The Persian Gulf is the most explosive geo-political region in the world, always a hotbed of conflict with an array of oil producing giants bordering this toxic part of the Indian Ocean. Nearly, 100,000 square miles, the Gulf is hugged by Iran, Iraq, Kuwait, Saudi Arabia, Qatar, Bahrain, United Arab Emirates and Oman.
Suddenly like the Persian Gulf, the U.S. real estate scene has become antagonistic and fiercely competitive with forces colliding and jockeying to reshape the real estate landscape.
I was on the road the past two weeks talking to broker owners on the West Coast. Their Persian Gulf moment was when the Compass acquisition of Pacific Union was reported. Few saw it coming and most are still shell shocked.
The Compass effect
“Will we all work for Compass someday?” asked one large San Francisco broker. He was not being facetious, lamenting how Compass took $300 million out of his sales volume two years ago and another $200 million this year by recruiting top producing agents.
Jim Walberg, an agent with Pacific Union, soon to be Compass, spoke about the confusion with Compass consolidating three brands in his market.
“Three different cultures, three different attitudes and three different approaches to the business,” he said.
And if you consider the supply of oil is like the limited supply of real estate listings, the business gets messier.
“When the pie gets smaller, table manners get sloppy,” said Zephyr Real Estate CEO Randall Kostick.
A San Francisco-based indie brokerage, Zephyr was granted a temporary restraining order from Compass last month. The charge; an aggressive recruiting effort by Compass – while the two were in the midst of acquisition talks.
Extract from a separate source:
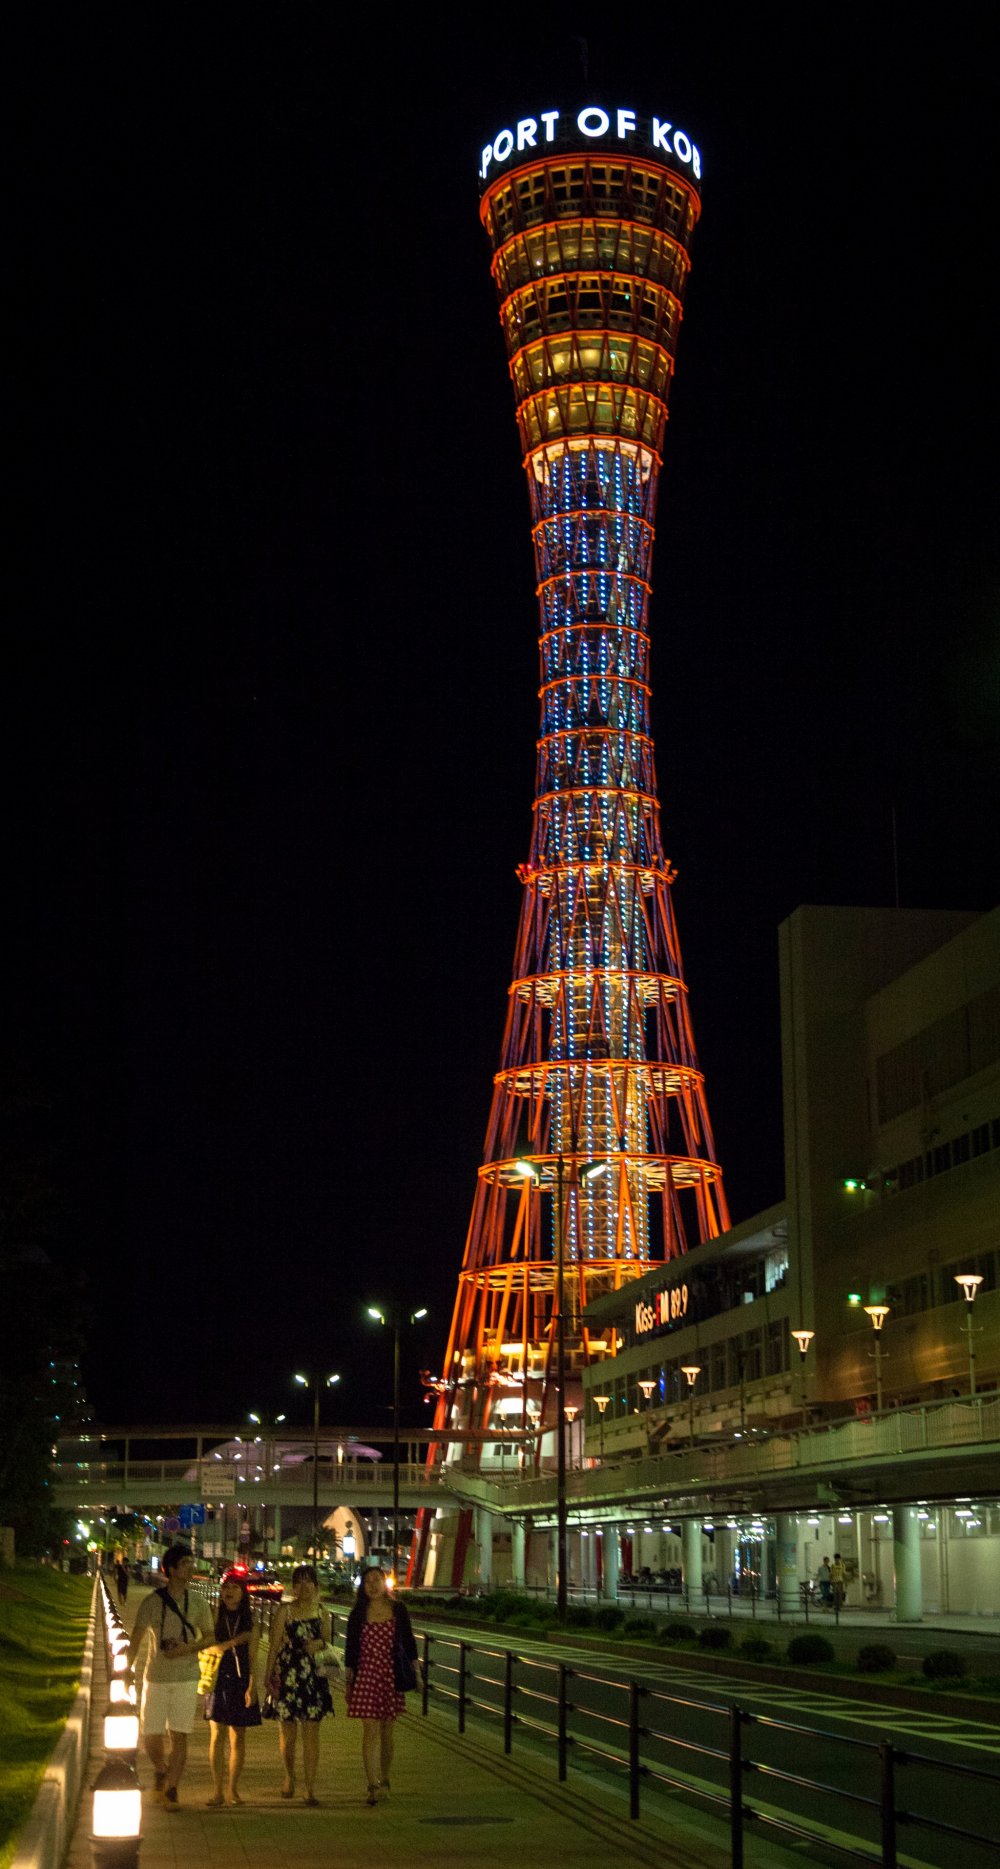 La Kobe Port Tower illumin&eacute;e &agrave; la nuit tomb&eacute;e

However, the order was recently overturned.
Despite the outright hostility, Walberg encourages his peers to “embrace change.” He has respect for Reffkin and confidence that Compass is good for the industry, pushing everyone “to up their game.”
Walberg has also seen some of the technology that Compass is rolling out, which he says “is real.”
“Running for the hills”
One consequence of the Compass effect is industry consolidation.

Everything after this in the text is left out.